#### Information shown ####
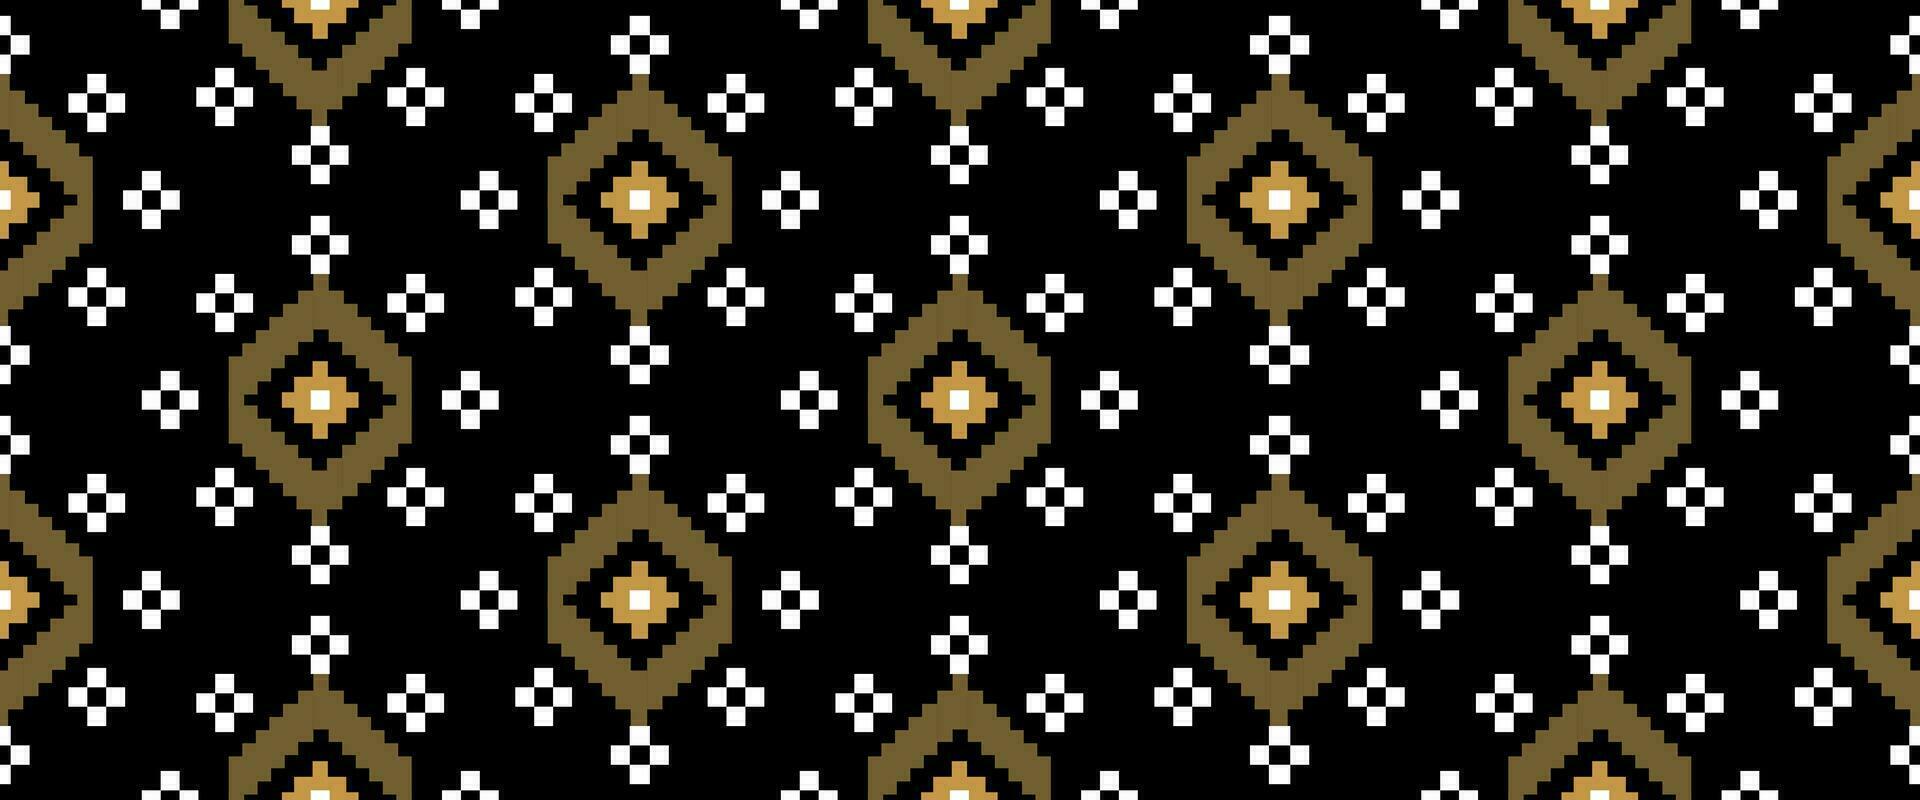 kruissteek. etnisch patronen. Indisch meetkundig patroon inheems patroon. zwart achtergrond. afdrukken kleding stof, textiel, kleding, breigoed. vector
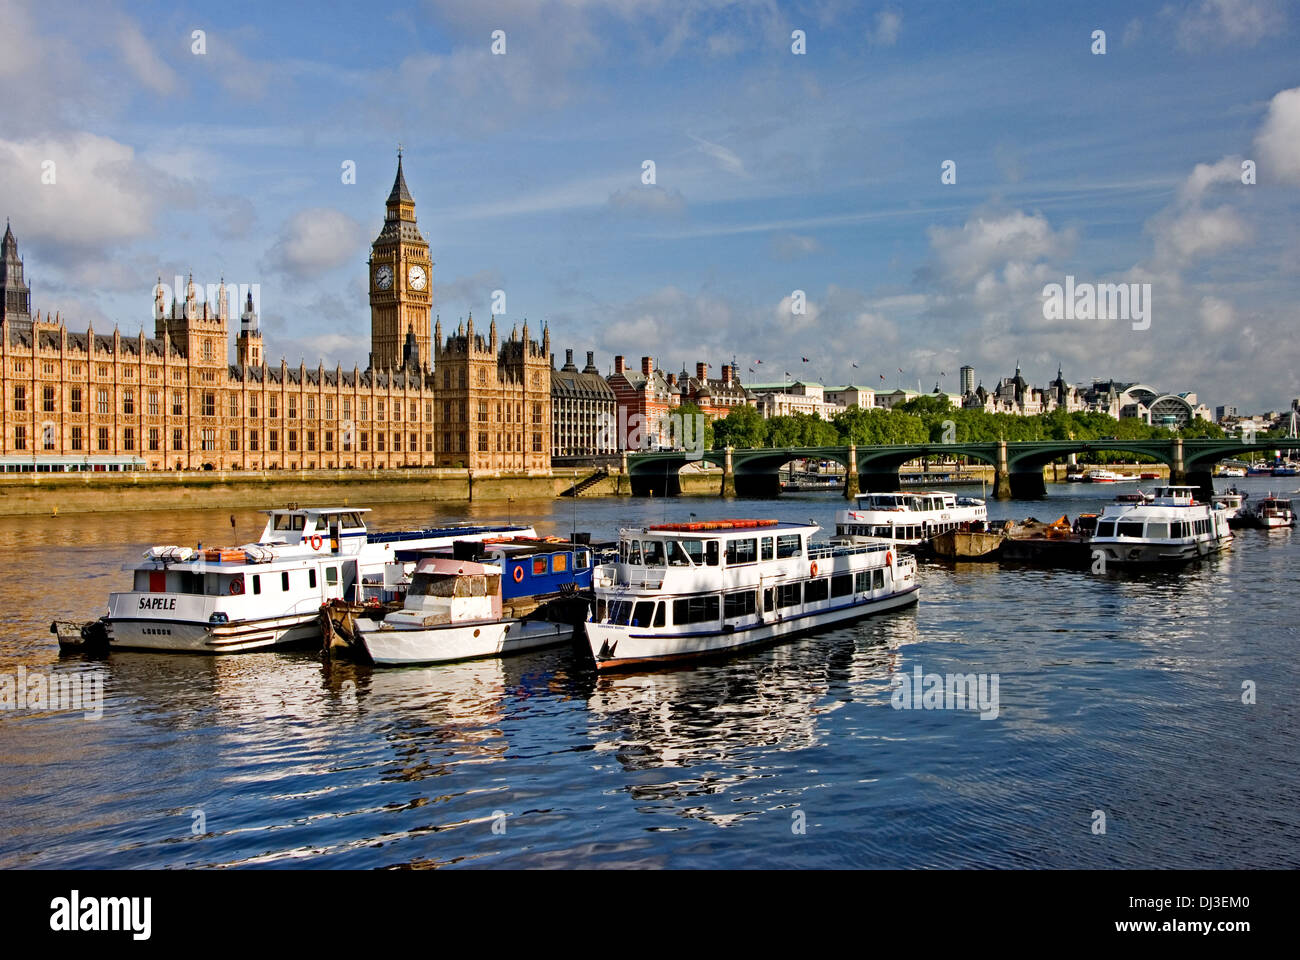 Bateaux amarrés sur la Tamise à l'extérieur du Parlement, Westminster au centre de Londres, avec Big Ben en arrière-plan. Banque D'Images
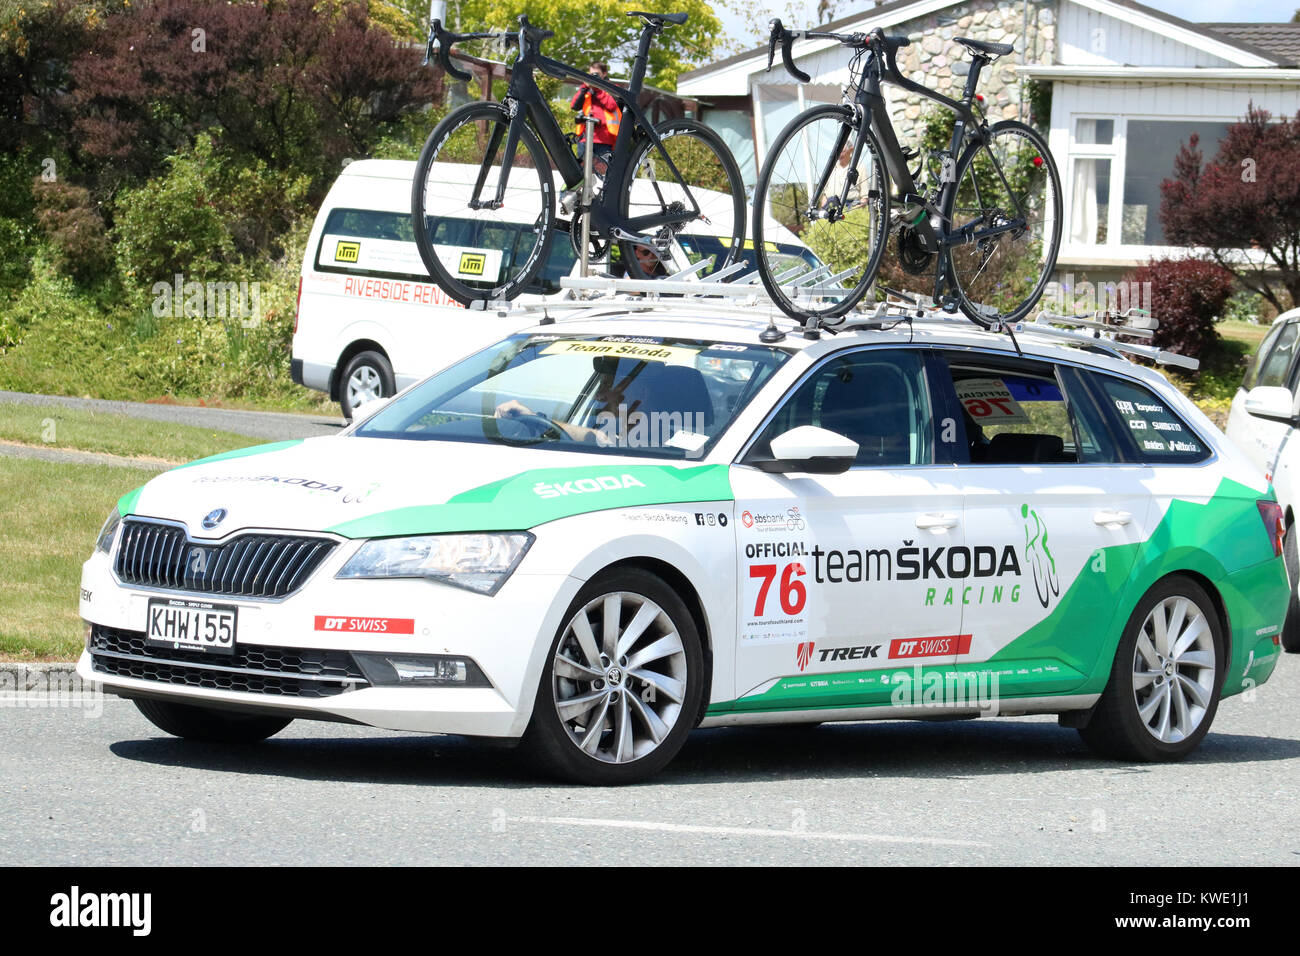 Tour del Southland cycle race passando attraverso Manapouri nell Isola del Sud, Nuova Zelanda che mostra un team Skoda auto di supporto dopo la gara. Foto Stock
####
* Task instructions *
Beginning at the first line of the listing, print each line exactly until and including the one that has "Bateaux amarrés sur"; skip pictures.

* Answer to this problem *
 kruissteek. etnisch patronen. Indisch meetkundig patroon inheems patroon. zwart achtergrond. afdrukken kleding stof, textiel, kleding, breigoed. vector
 Bateaux amarrés sur la Tamise à l'extérieur du Parlement, Westminster au centre de Londres, avec Big Ben en arrière-plan. Banque D'Images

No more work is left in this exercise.